Australian steel exporter BlueScope Steel, along with its affiliates Australian Iron & Steel and BlueScope Steel Americas, voiced their support for the Commerce Department's remand results in an antidumping duty case at the Court of International Trade. Filing comments at CIT on May 16, BlueScope backed Commerce's position which slashed the antidumping duties for BlueScope from 99.20% to 4.95% after dropping its reliance on adverse facts available based on BlueScope's U.S. sales quantity and value reporting data (BlueScope Steel Ltd. v. United States, CIT #19-00057).
Section 232 national security tariffs are not remedial and should not be deducted from an antidumping duty respondent's U.S. price, and their inclusion in that price does not constitute double counting of duties, AD petitioner Nucor Corp. argued in a May 13 reply brief that came in response to arguments to the contrary from Nippon Steel Corp. (Nippon Steel Corporation v. U.S., CIT #21-00533).
Shrimp exporters Minh Phu Seafood Joint Stock Co.'s and MSeafood Corp.'s surprise at the U.S. government's concession at oral argument that it did not review the entire record in an antidumping duty and countervailing duty evasion case does not stand as proper grounds for supplemental briefing, plaintiff Ad Hoc Shrimp Trade Enforcement Committee (AHSTEC) argued. Submitting a May 13 reply brief at the Court of International Trade, the U.S. producers group argued that the supplemental briefing motion represents a bid to revisit the arguments presented in the case and should be rejected as such.

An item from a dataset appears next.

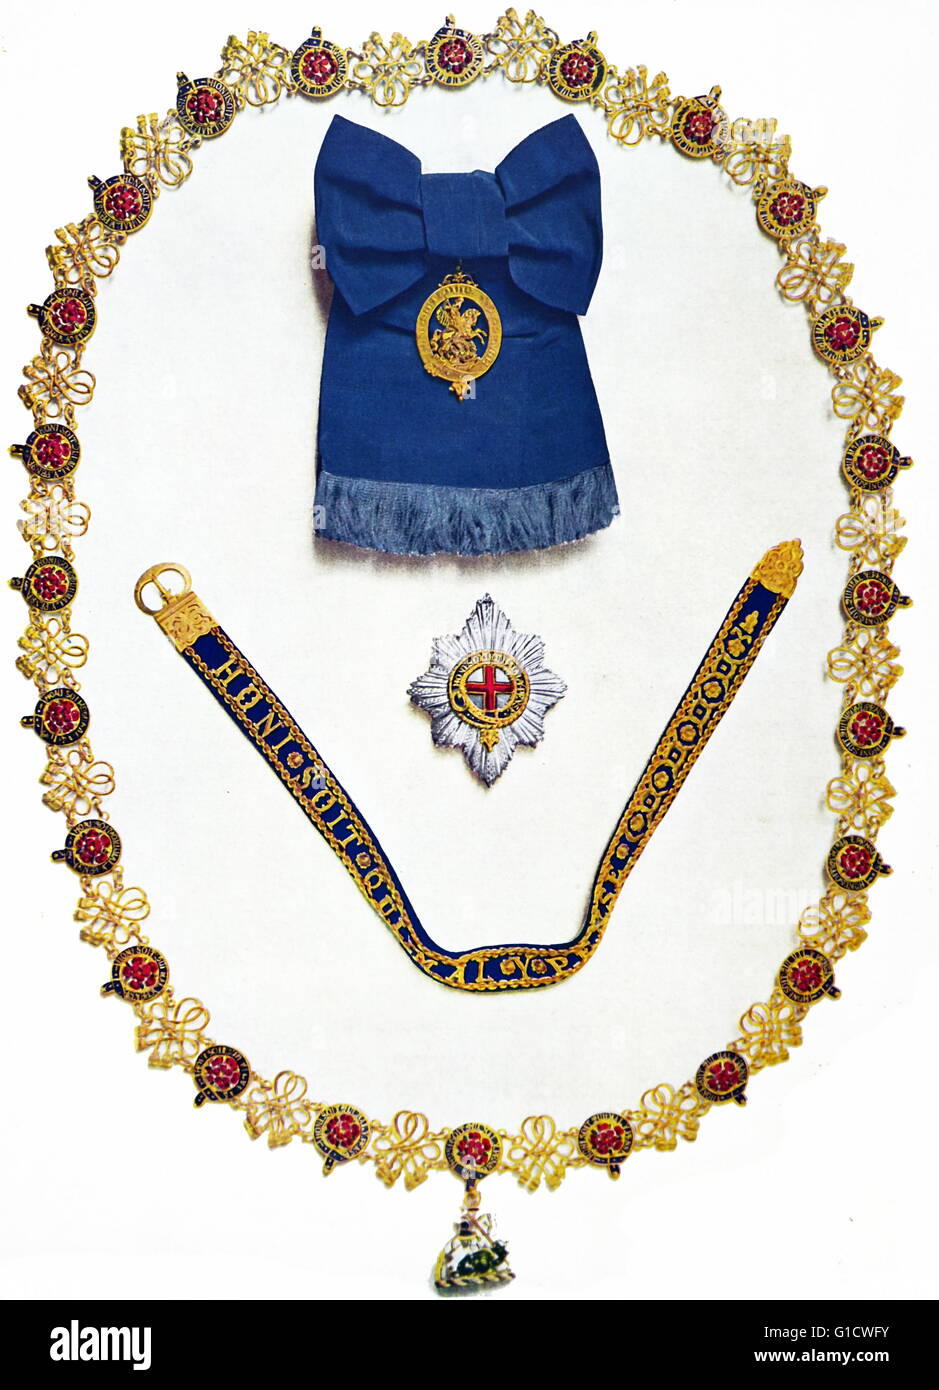 Ordre de la jarretière et d'autres insignes ordersand couronnement porté par le roi George VI à son couronnement et Roi britannique en 1937 Banque D'Images

The Court of International Trade issued a May 17 opinion addressing two cases brought by Voestalpine USA and Bilstein Cold Rolled Steel, the importer and purchaser of entries subject to Section 232 steel and aluminum tariffs, respectively. The cases both concern reliquidation requests on various steel entries without the Section 232 duties, based on the Commerce Department's Bureau of Industry and Security's approval of exclusion requests. The exclusions each originally contained an invalid Harmonized Tariff Schedule subheading, but by the time the error was discovered in both cases, CBP had liquidated the entries with the duties.
The International Trade Commission is seeking written submissions that address issues of remedy, bonding and the public interest in a case concerning imported batteries for cordless power tools. The request follows the commission's May 11 decision to review part of a March 25 initial determination by Administrative Law Judge MaryJoan McNamara, according to the May 17 notice (ITC Inv. No 337-TA-1244). Written submissions and proposed remedial orders must be filed by close of business on May 25 and reply submissions no later than close of business on June 1.

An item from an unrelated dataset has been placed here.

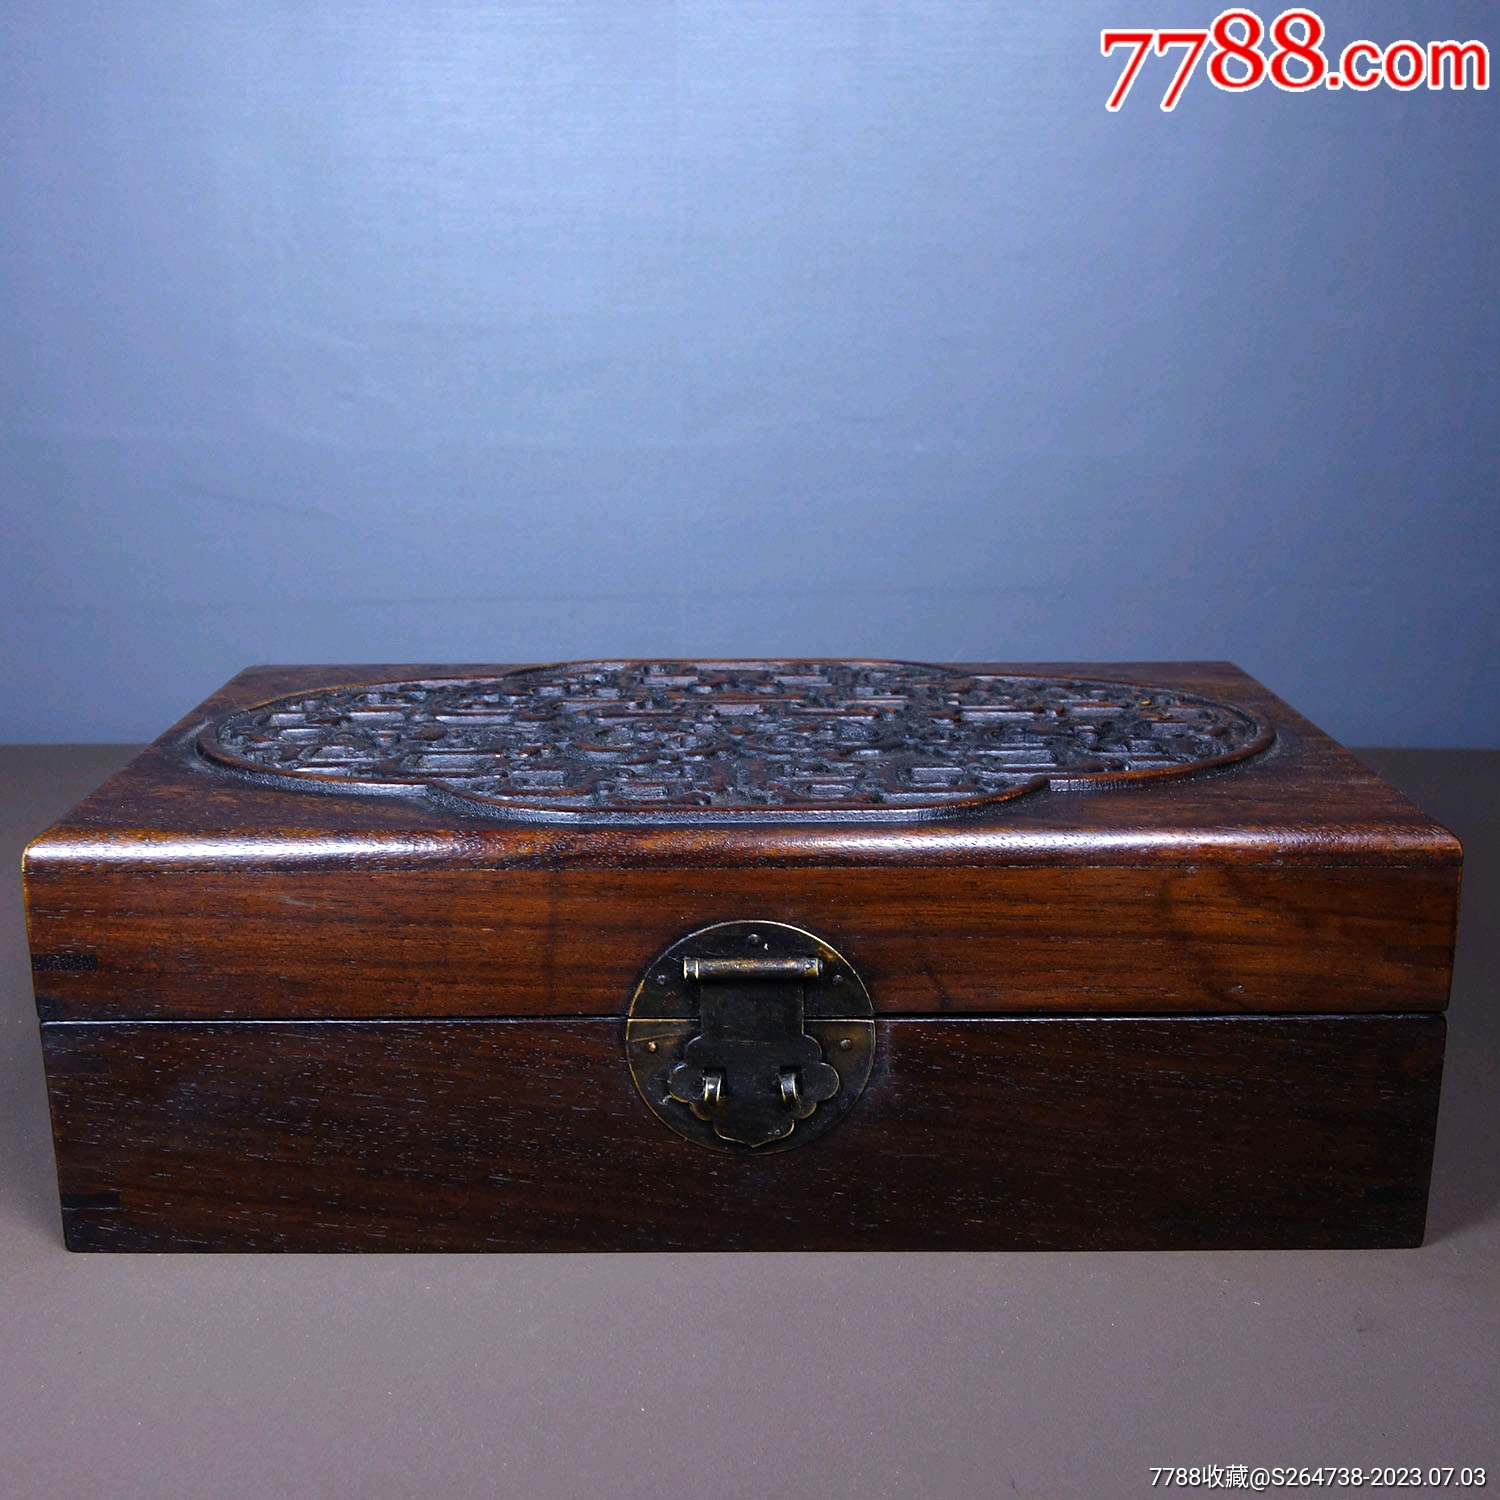 旧藏花梨木浮雕盒子首饰盒尺寸长28cm宽26cm高9cm重

The following lawsuits were recently filed at the Court of International Trade:
Importer Root Sciences will appeal an October 2021 Court of International Trade opinion that said that the court did not have jurisdiction over CBP's seizure of Root's goods. According to the May 13 notice of appeal, Root will take its case to the U.S. Court of Appeals for the Federal Circuit. In the opinion, the trade court ruled that since the seizure of an import does not deem a product excluded, thus precluding any protestable event, jurisdiction is barred at CIT for seized goods (see 2110070022). Root filed the case after CBP seized one of its cannabis crude extract recovery machines as "drug paraphernalia" (Root Sciences v. United States, CIT #21-00123).
The following lawsuits were recently filed at the Court of International Trade:
The Court of International Trade assigned two customs actions brought by Beverly Hills watchmaker Ildico to Judge Jane Restani, the court said in two May 12 orders. Ildico filed the case to argue that its imported wristwatches within gold bezels and cases and with synthetic sapphires on front and back should be classifiable as wrist watches with precious metal cases of heading 9101, rather than as CBP liquidated them under subheading 9102 as other wrist watches (see 2204290030) (Ildico Inc. v. U.S., #18-00076, -00136).
The "text, structure, purpose, and history" of the Section 201 statute all reveal that Congress did not intend for the Court of International Trade's strict reading of the president's authority to modify safeguard duties, the U.S. argued in its May 11 opening brief at the U.S. Court of Appeals for the Federal Circuit. DOJ is fighting to reverse a ruling at CIT that found that the law only permits trade liberalizing alterations to existing safeguard measures (Solar Energy Industries Association v. United States, Fed. Cir. #22-1392).